**WORK TO BE COMPLETED:** Before copying, find the line below that contains "10-tips-to-a-successful-open-house-infographic"; then return it and all later lines exactly, up to and including the final line, with no pictures.

**DATASET CONTENT:**
* * * * * * * * *

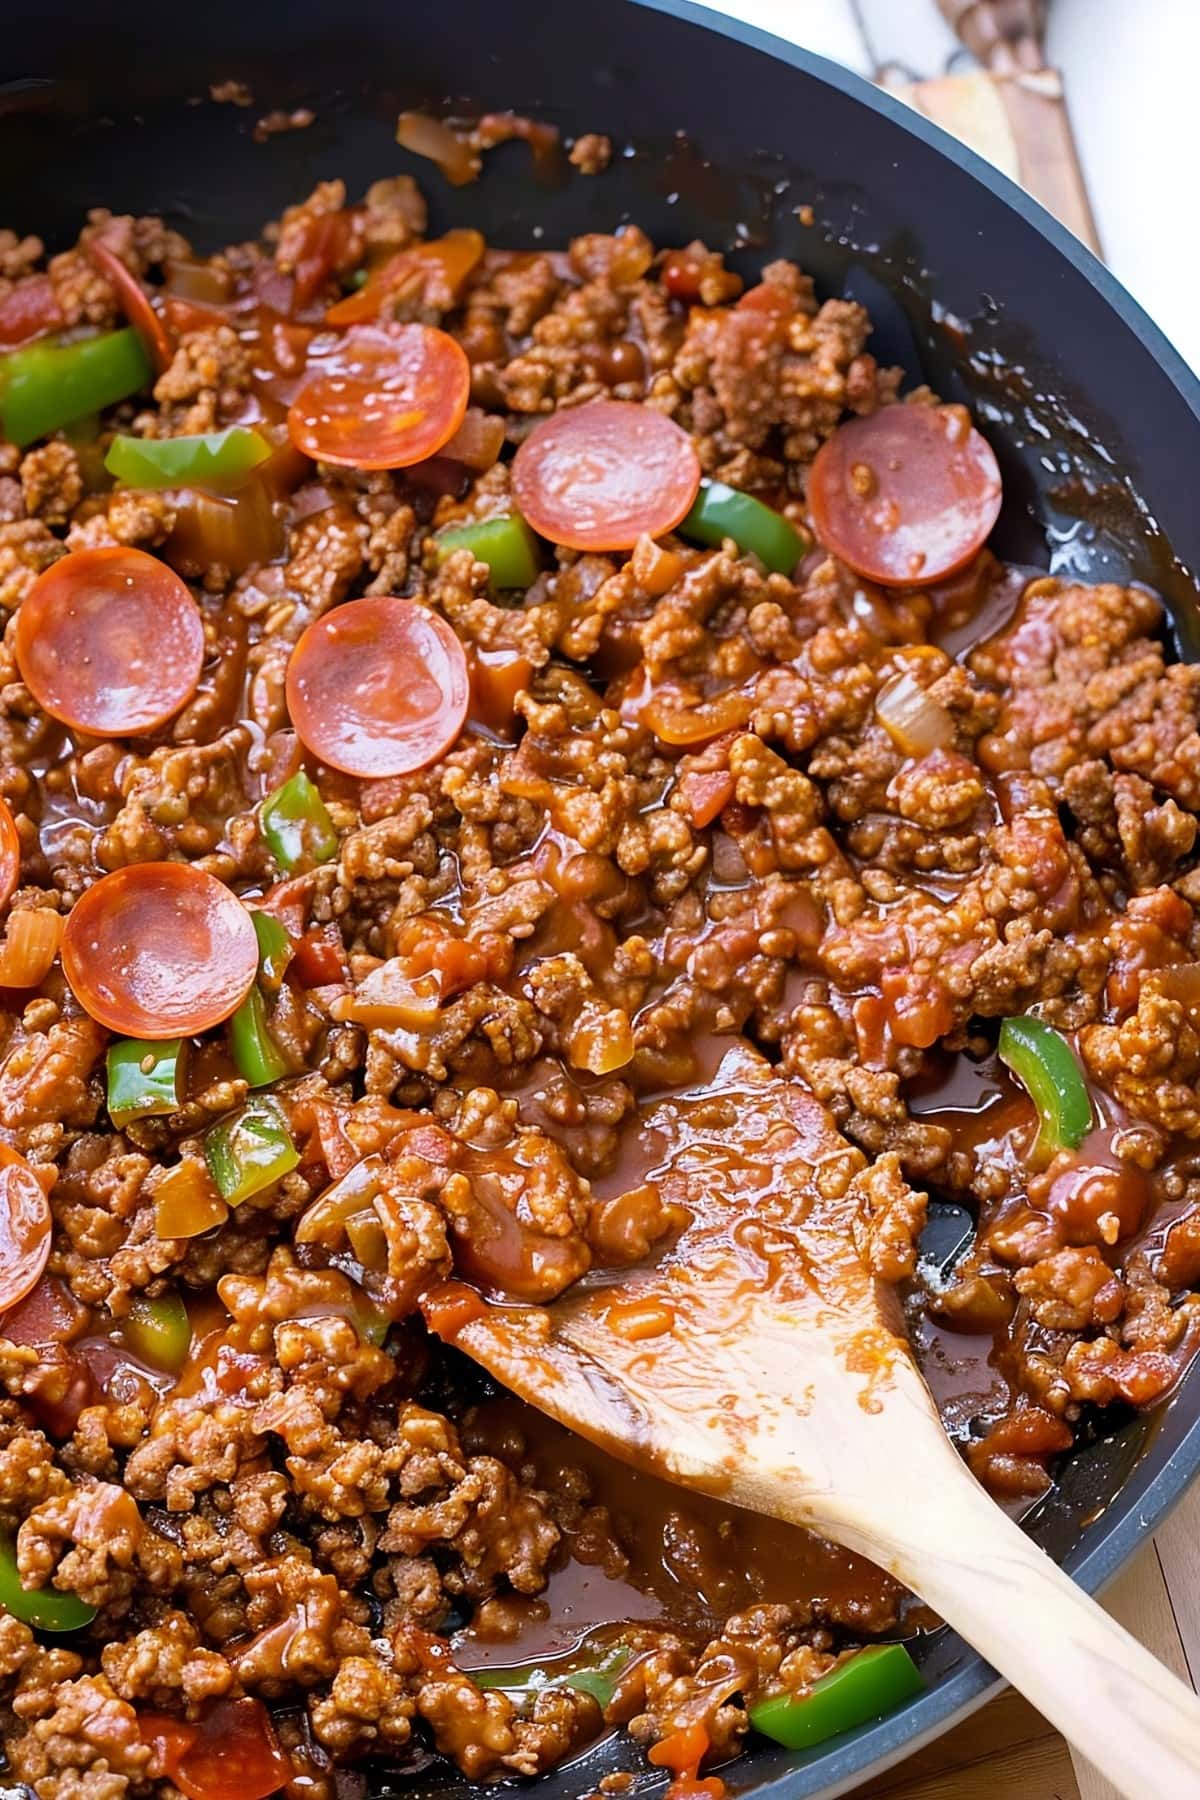 A skillet filled with saucy ground beef, peppers and onions
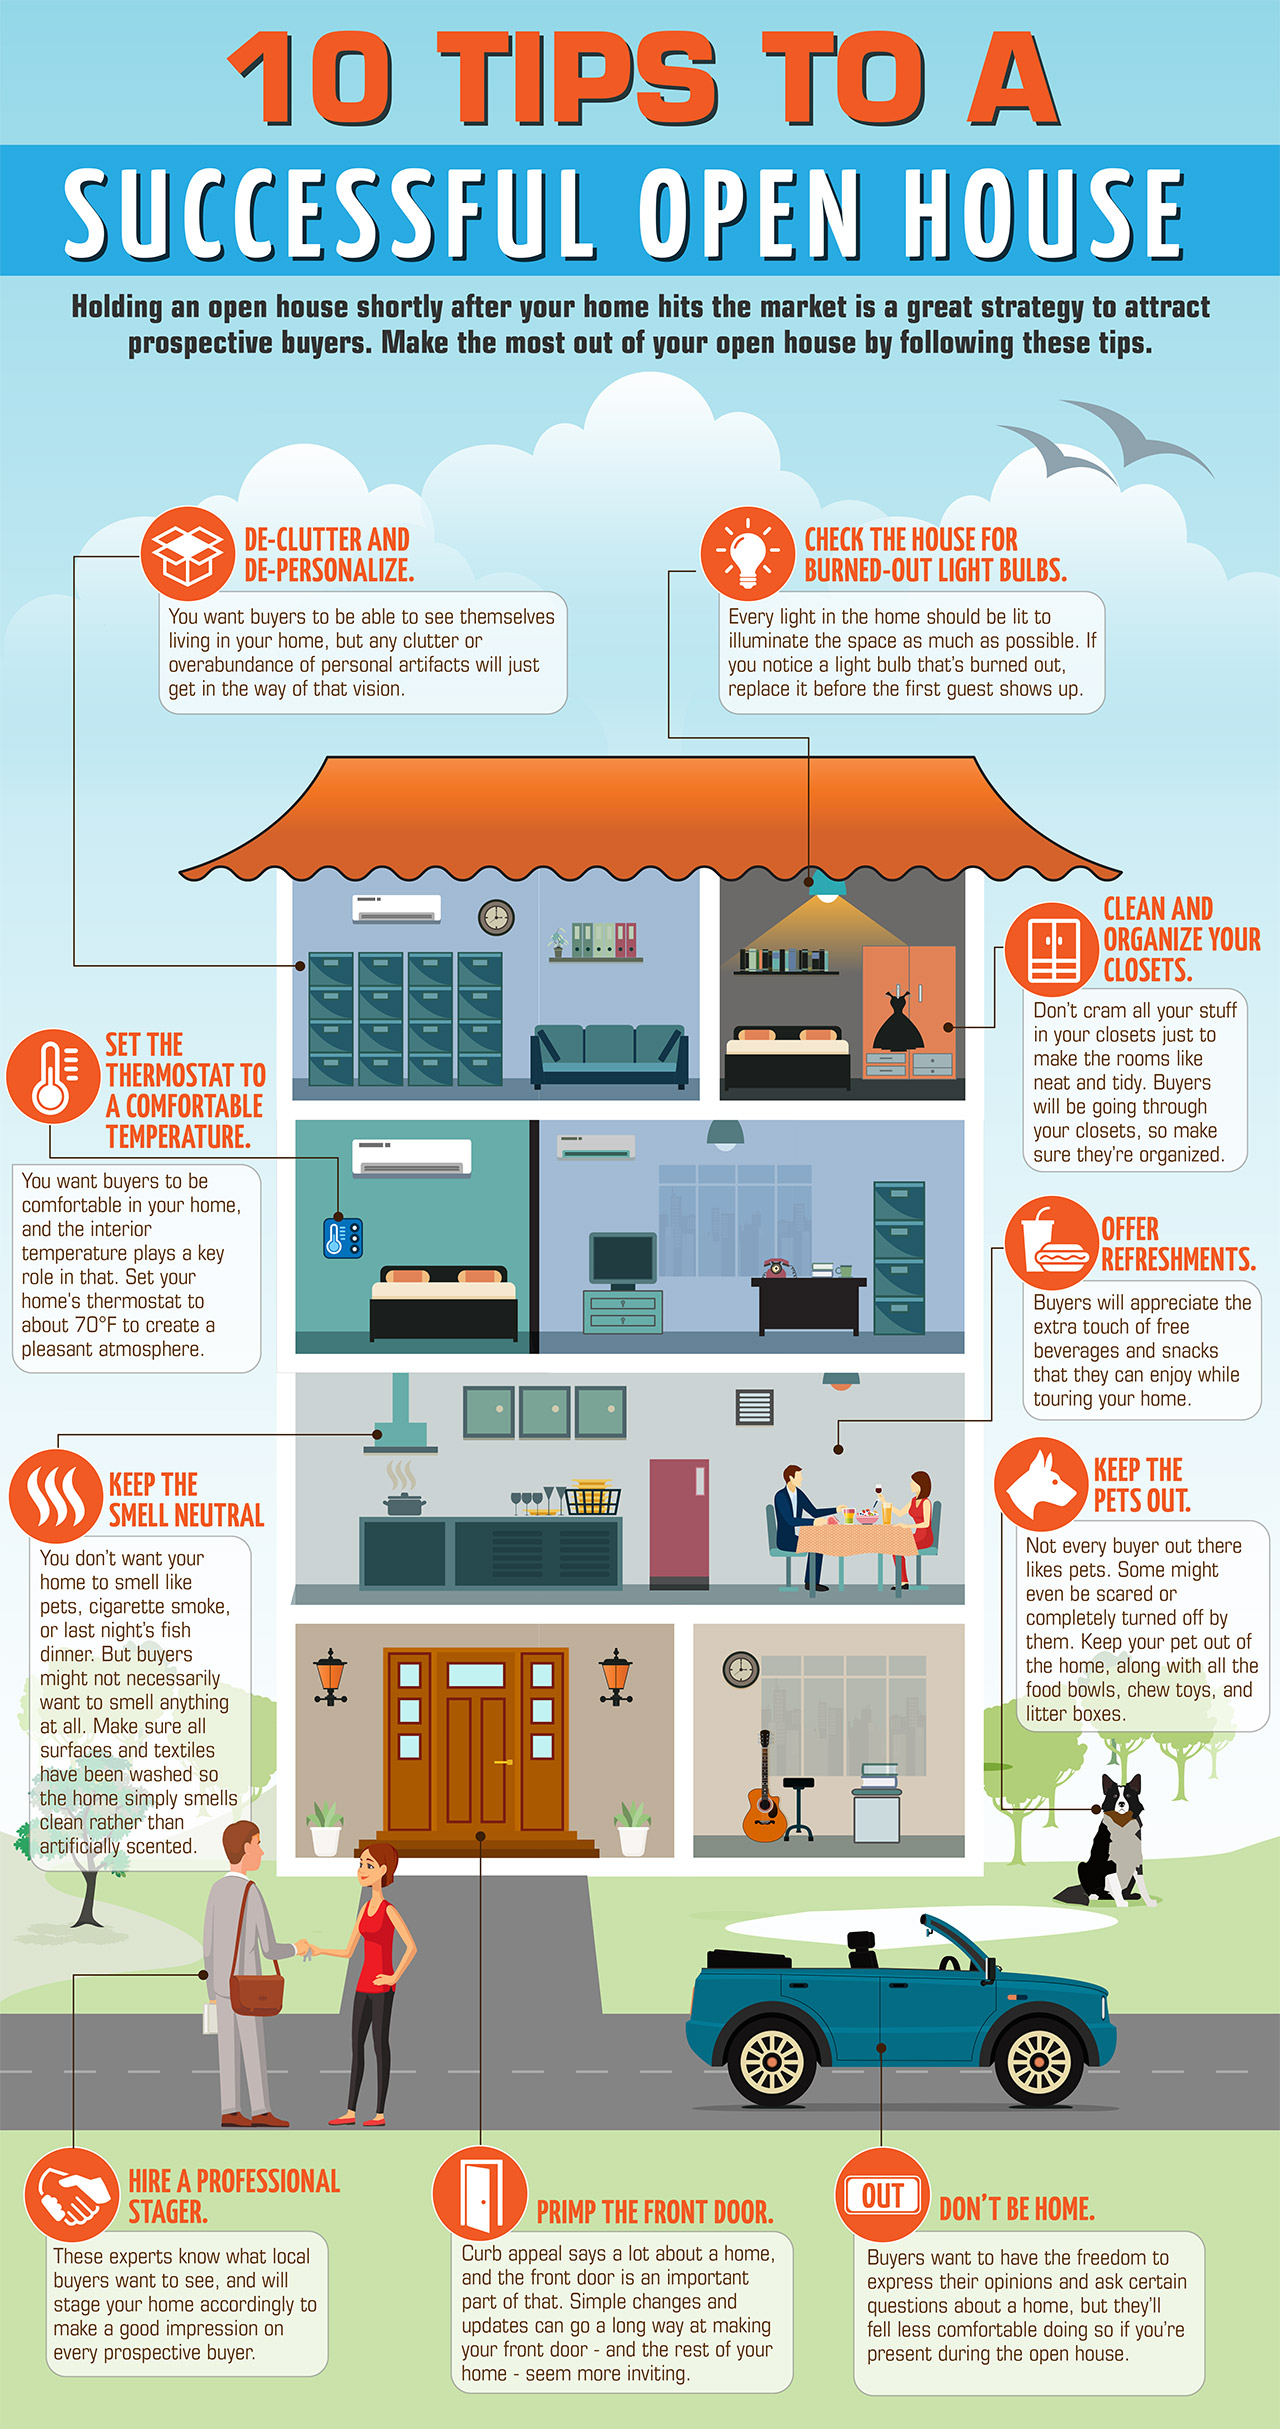 10-tips-to-a-successful-open-house-infographic
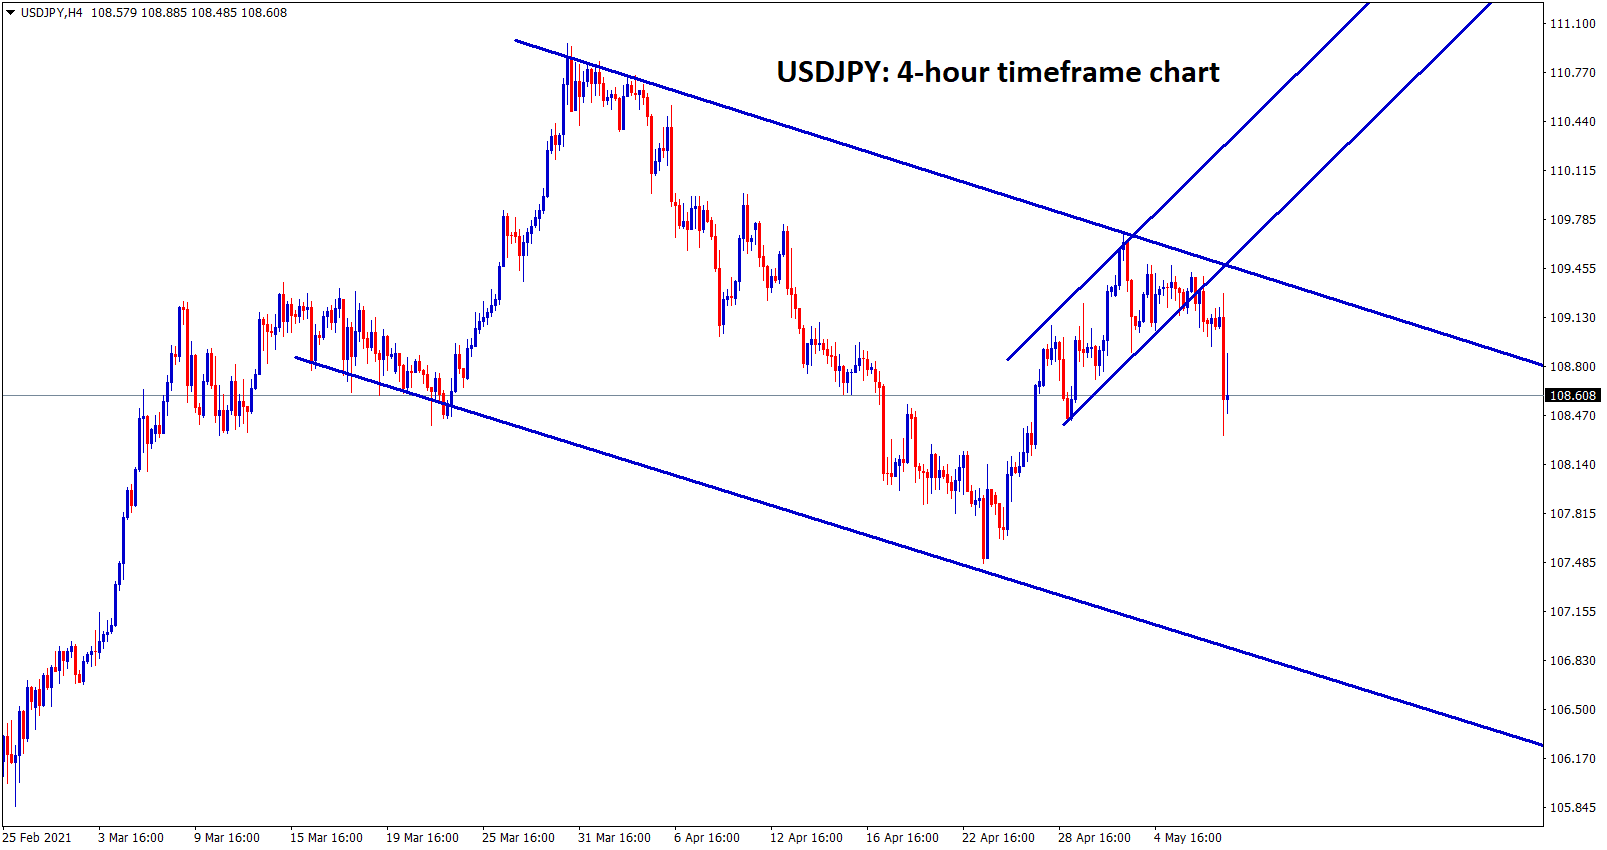 USDJPY broken the bottom level of the minor channel and starts to fall from the top of the descending channel.
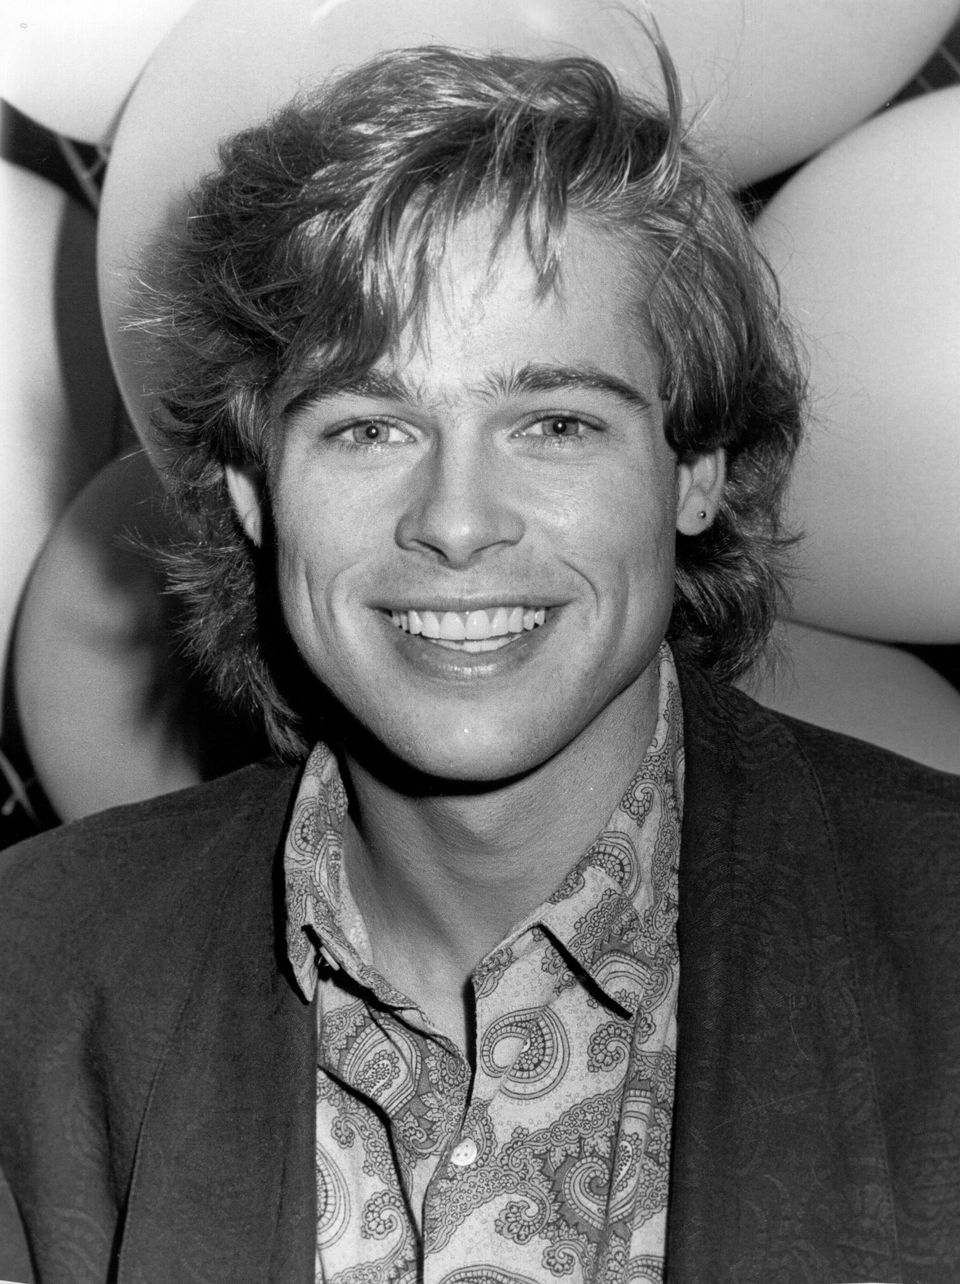 50 Pics That Prove Brad Pitt Is Getting Better With Age

* * * * * * * * *

**ANSWER BOX:**
 10-tips-to-a-successful-open-house-infographic
 USDJPY broken the bottom level of the minor channel and starts to fall from the top of the descending channel.
 50 Pics That Prove Brad Pitt Is Getting Better With Age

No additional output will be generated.